Welcome to the **SymXplorer** project! This is an opensource symbolic toolbox for analyzing analog circuits based on [SymPy](https://www.sympy.org/en/index.html) in python. Everything from transistor level circuits to active analog filters with multiple feedback. We're actively developing new features. A python-based toolbox means endless opportunities for future integeration with scientifict, machine learning, and optimization toolboxes such as [PyTorch](https://pytorch.org/), [Ax](https://ax.dev/), and [Nevergrad](https://facebookresearch.github.io/nevergrad/).



## Features

- Customize nodal equation and impedance combination for new circuits under test (derive the symbolic nodal equations using [lcapy](https://lcapy.readthedocs.io/en/latest/))

- Analyze the possible filters, oscillators, and more!

- Model non-idealities of circuit components (e.g., FET transistors through their T matrix)

- Explore possiblem higher-order (2+) transfer functions for filter design.

- Size (through [Ax](https://ax.dev/) for Bayesian Optimization tool and [Nevergrad](https://github.com/facebookresearch/nevergrad) for Evolutionary algorithms) and visualize a filter's response quickly for design.

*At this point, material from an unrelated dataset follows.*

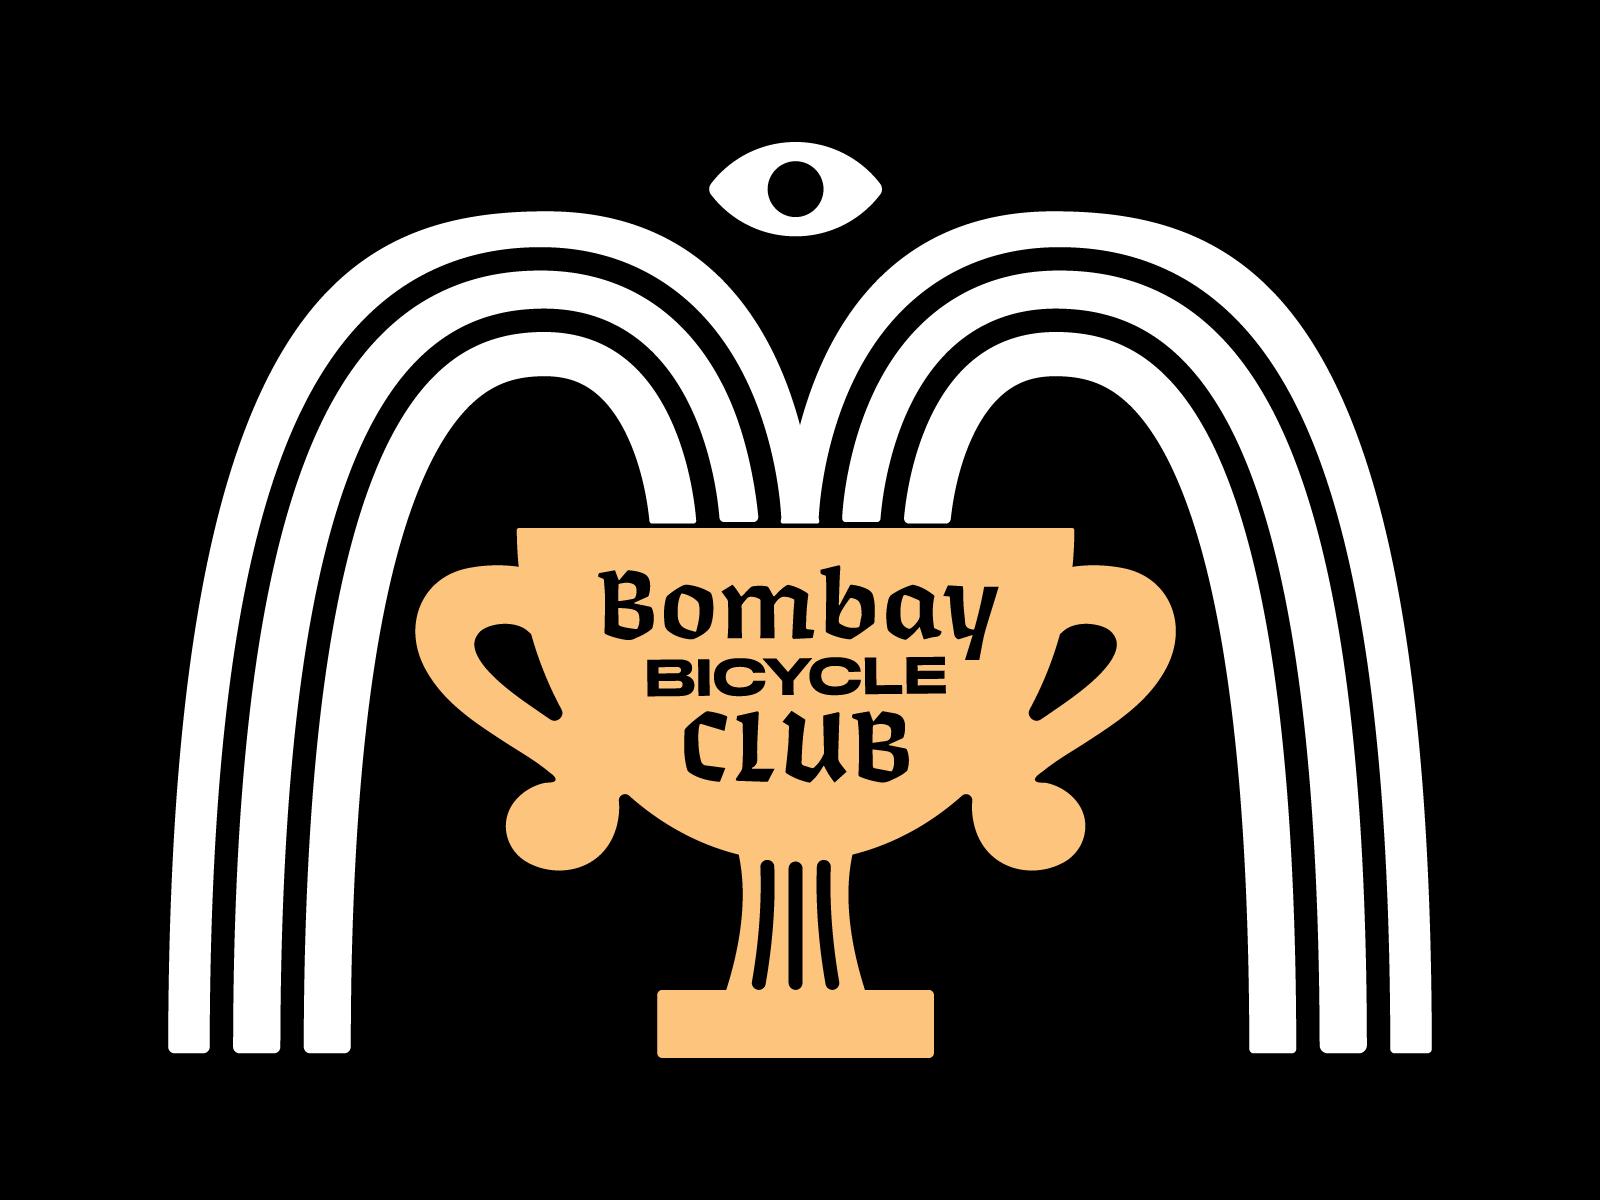 Bombaybicycleclub 4x

- Generate automatic LaTeX report of your runs

- Currently have pre-defined demo-circuits for Common-gate (CG) and Common-source (CS) differential input/output ([here](src/symcircuit/demo/differential.py)), multipl-feedback filter designs in current and voltage mode ([here](src/symcircuit/demo/multiple_feedback.py)), sallen-key topology ([here](src/symcircuit/demo/sallen_key.py)), and dual-amplifier ([here](src/symcircuit/demo/dual_amplifier.py)).



## Installation

After cloning the repository, open a terminal in the project directory and run the following command:



```bash

pip install -e .

```



# How to get started

First Git clone the repo, and follow the instructions below you'll find information and links to the key notebooks.



- The main codeblocks are under [src](src/symxplorer/) 

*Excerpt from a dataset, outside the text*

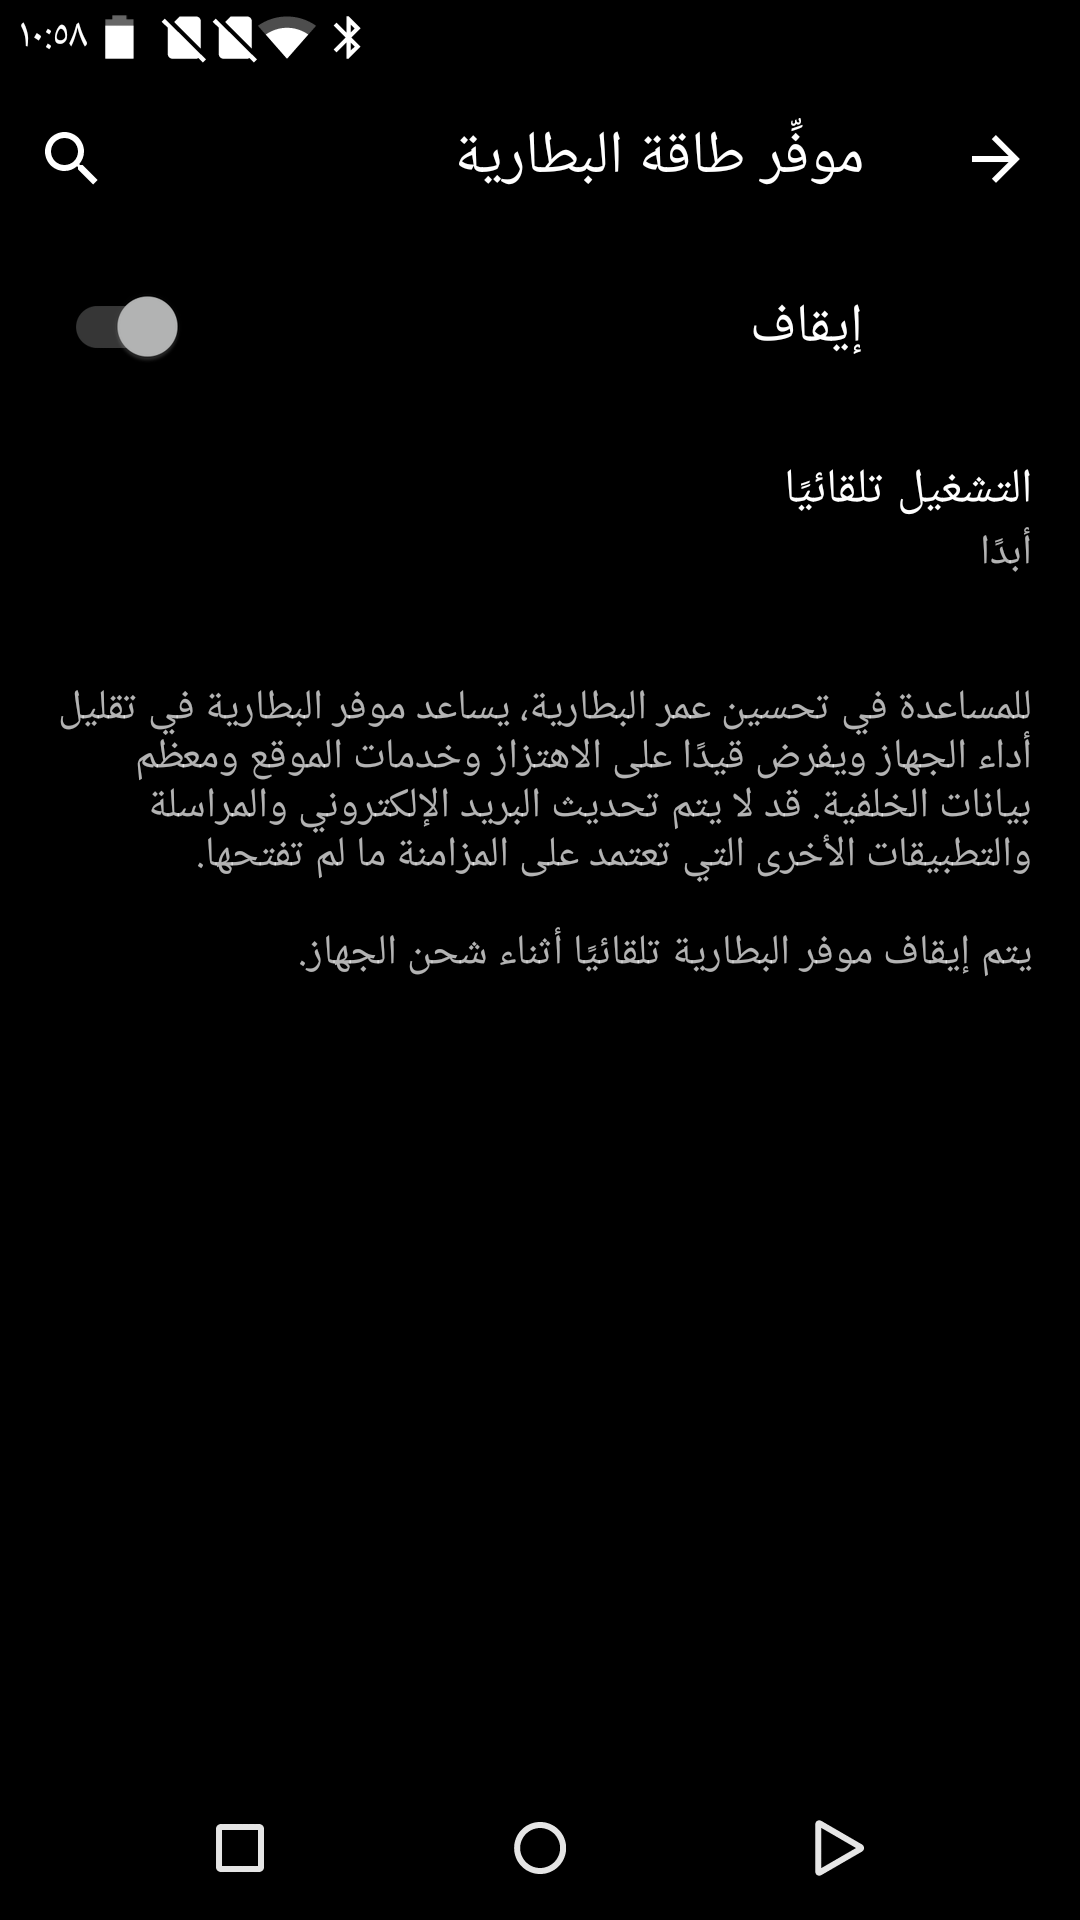 Screenshot_٢٠١٥-١١-٢٠-٢٢-٥٨-٤٥

- Quickly get started by running "run-symbolix" in a CLI to run the symbolic experiment defined in [common_gate_setup](src/symcircuit/demo/differential.py) and [main](src/symcircuit/symbolic_solver/main.py)

- Check out summary report of previous the latest runs in [Examples](examples)

- Find Previous papers under [Papers](docs/Papers)

- Refer to the jupyternotebooks on how to use the SymXplorer API for [topology exploration](examples/sym-exploration) and [automated sizing](examples/sizing-filter-CMFM).

- A demonstration video will be available soon



## License

This project is licensed under the GNU General Public License v3 (GPLv3) - see the [LICENSE](LICENSE) file for details.